Merck, Ridgeback clinch FDA's 2nd emergency nod for a COVID-19 antiviral pill

Merck
Molnupiravir works by introducing errors into the SARS-CoV-2 virus’s genetic code, which in turn stops the virus from replicating. (Merck & Co.)

Pfizer wasn’t the only drugmaker to score an early Christmas present from the FDA this year. A day after Paxlovid’s blessing as the first oral COVID-19 treatment, Merck & Co. and Ridgeback Biotherapuetics’ molnupiravir entered the fray as the second antiviral pill authorized in the U.S.

Late last week, the FDA endorsed molnupiravir to treat adults with mild-to-moderate COVID-19, with an emergency authorization specifically aimed at patients with a high risk of progressing to severe cases of the pandemic disease, including hospitalization or death. The agency's green light also includes patients for whom other authorized COVID-19 treatments “are not accessible or clinically appropriate,” the FDA said in a release.

The approval comes at the “right time,” Cantor Fitzgerald analyst Louise Chen wrote in a recent note to clients. More therapeutics are needed to supplement vaccinations, especially in light of troubling variants like omicron.

Molnupiravir may not see as much widespread use compared to Pfizer's oral antiviral Paxlovid, however, which Chen's team attributes to the latter's superior profile of safety and efficacy. Nevertheless, molnupiravir’s go-ahead is “good news” for Merck, and both drugs will likely be used to help “flatten the curve,” Chen said.

RELATED: Editor's corner: The year of vaccines for Fierce Pharma

The FDA’s emergency nod comes with a list of caveats. First, patients should start on the antiviral “as soon as possible” after a COVID-19 diagnosis, and at most within five days of symptoms starting. The drug isn’t cleared for pre- or post-exposure prevention nor for initiation of treatment in hospitalized patients, since the drug’s benefit hasn’t been seen in that group.

The antiviral cannot be used in patients younger than 18 because it may affect bone and cartilage growth, the FDA said. People who are pregnant shouldn’t take molnupiravir, either: Animal reproduction studies suggest the antiviral may cause fetal harm.

Molnupiravir works by introducing errors into the SARS-CoV-2 virus’s genetic code, which in turn stops the virus from replicating. The drug is only authorized for use over five days. Patients on the drug receive four 200-mg capsules every 12 hours, for a total of 40 capsules over the five-day stretch.
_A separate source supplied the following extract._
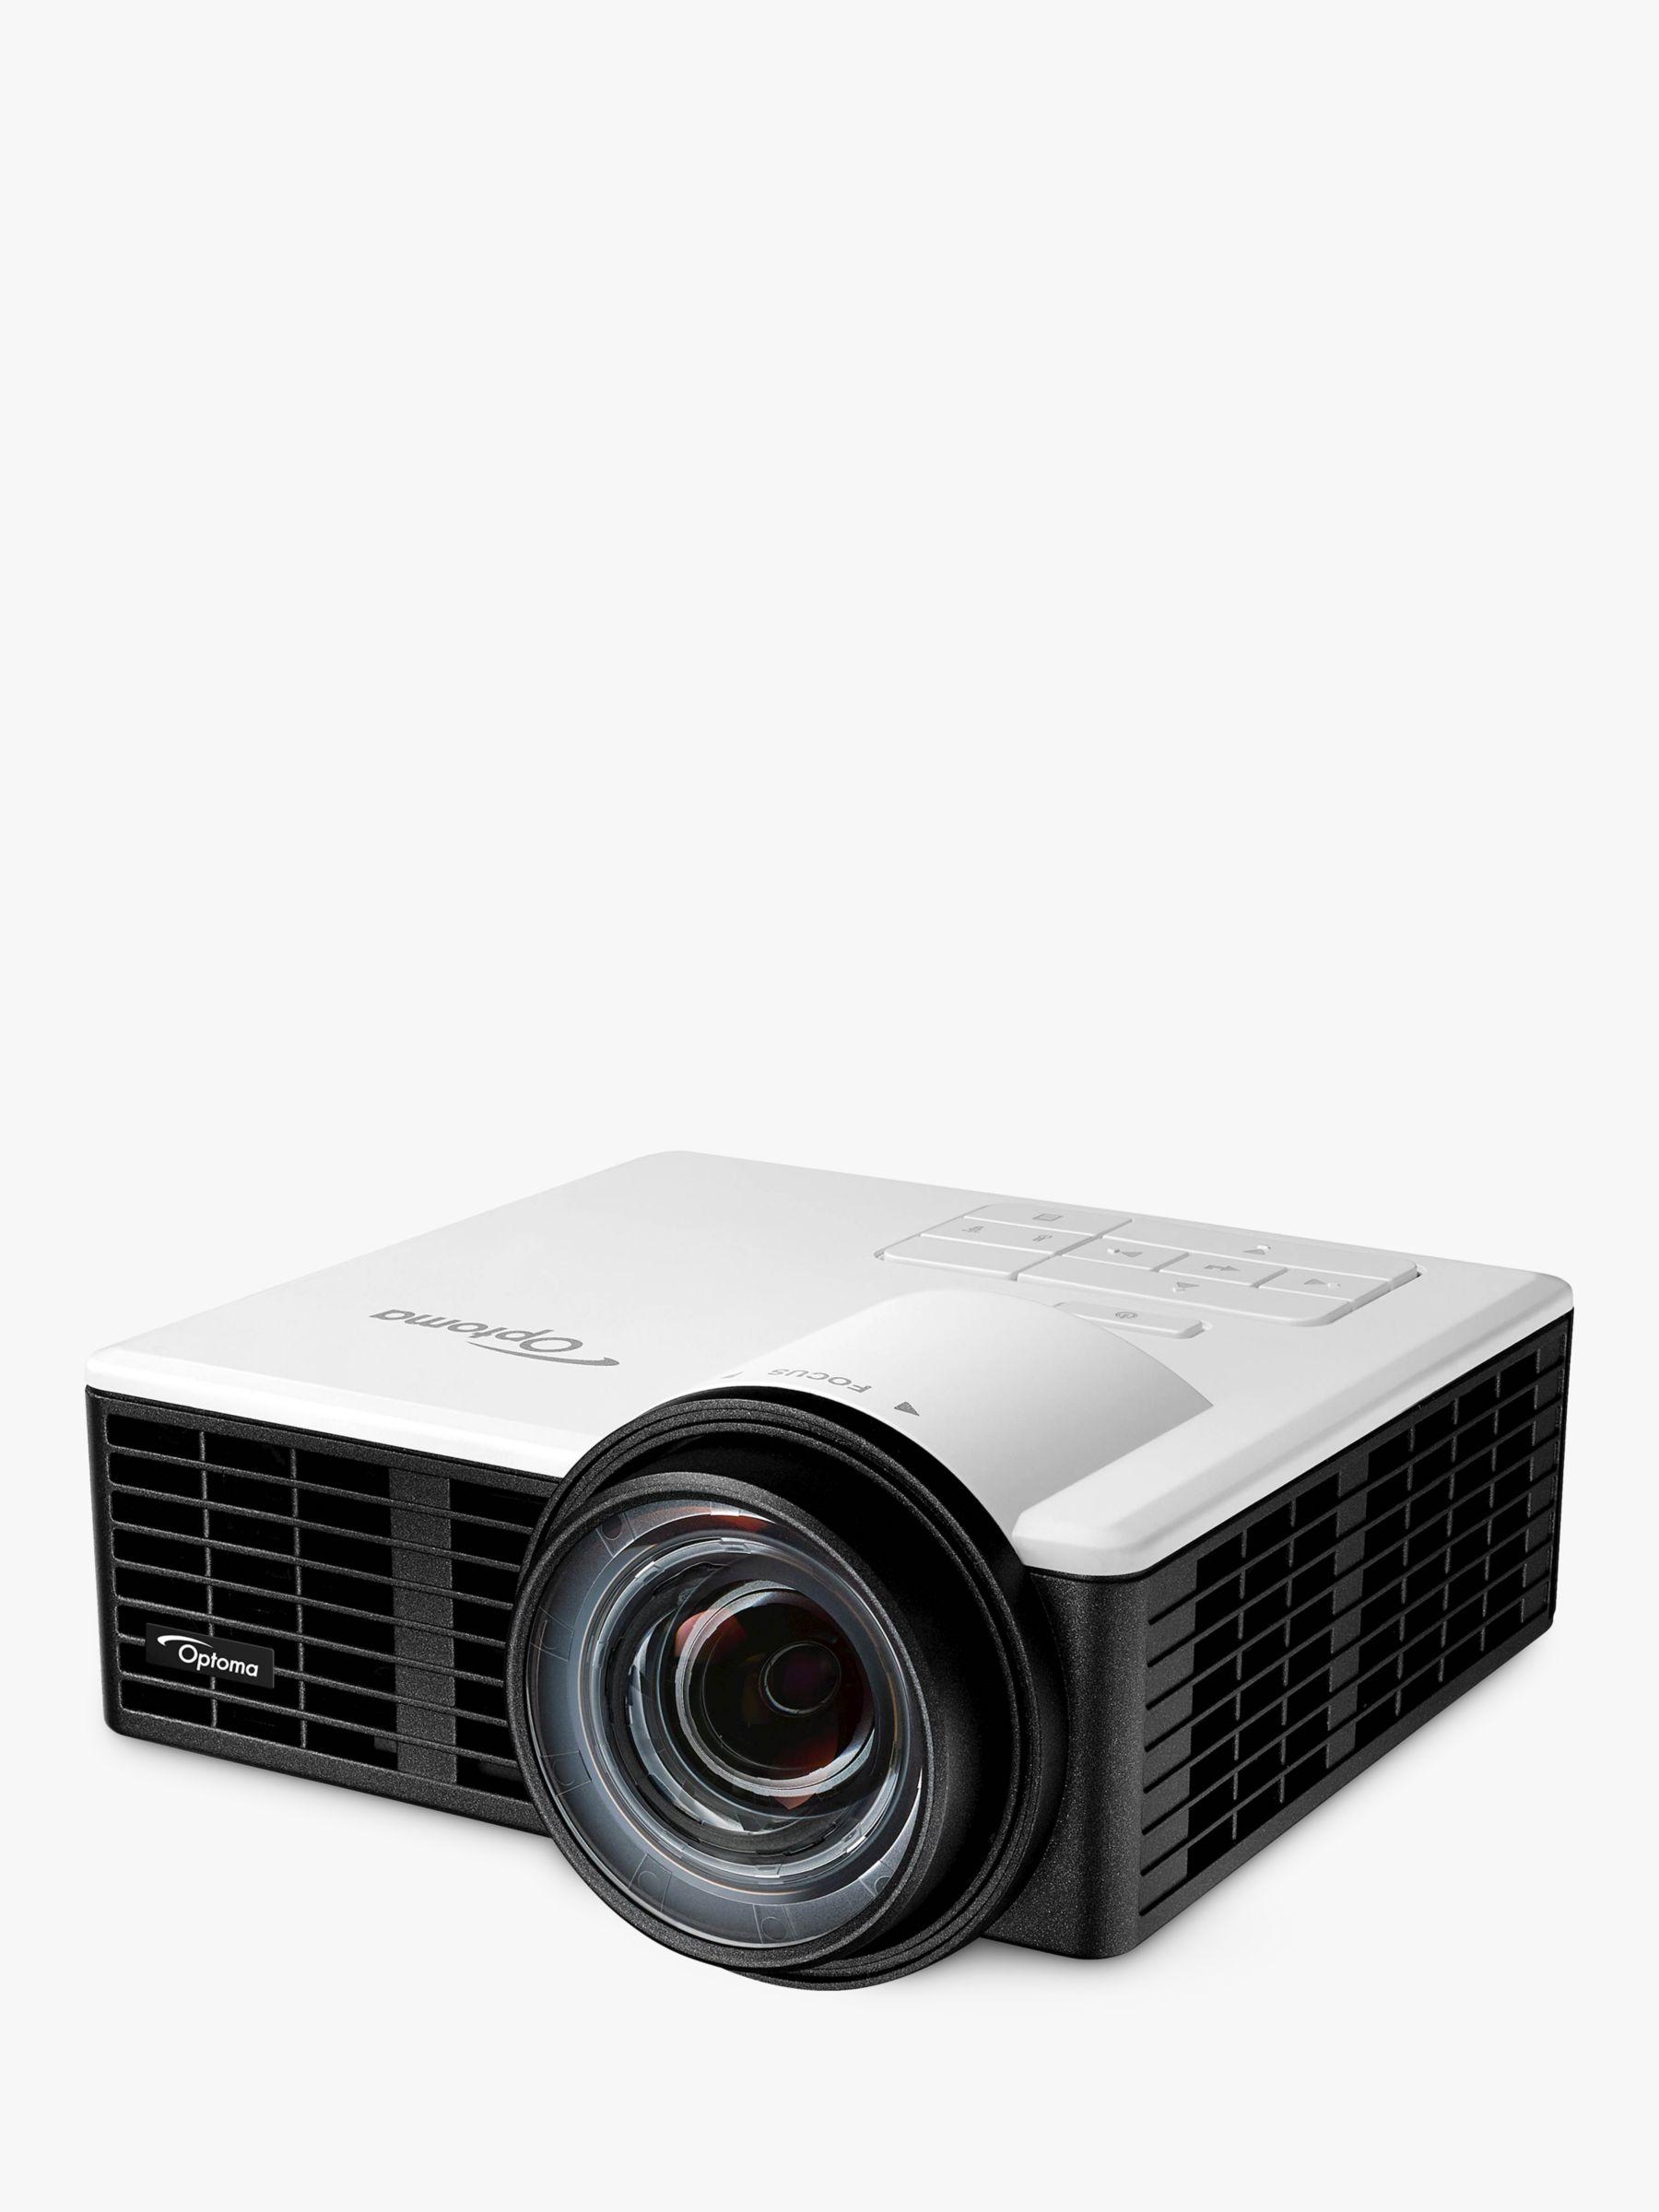 Optoma ML1050ST HD Ready 3D Portable Projector, 1000 Lumens

The FDA issued its blessing on an interim analysis from the late-stage MOVe-OUT trial, which pitted molnupiravir against placebo in non-hospitalized patients who were unvaccinated against COVID-19. Patients needed to have a laboratory-confirmed COVID-19 infection, their symptoms needed to start within five days of randomization, and they needed to have at least one risk factor linked to poor disease outcomes, such as heart disease or diabetes, Merck said in a release.

With a pool of 762 patients, the interim analysis showed that molnupiravir “significantly” slashed the risk of hospitalizations and death through day 29 of the study. Among the molnupiravir group, 7.3% of patients were hospitalized or died, versus 14.1% in the placebo arm.

Looking beyond the interim analysis, 9.7% of people on placebo were hospitalized or died, compared to 6.8% in the molnupiravir cohort. In total, there were nine deaths in the placebo group versus one in the molnupiravir arm.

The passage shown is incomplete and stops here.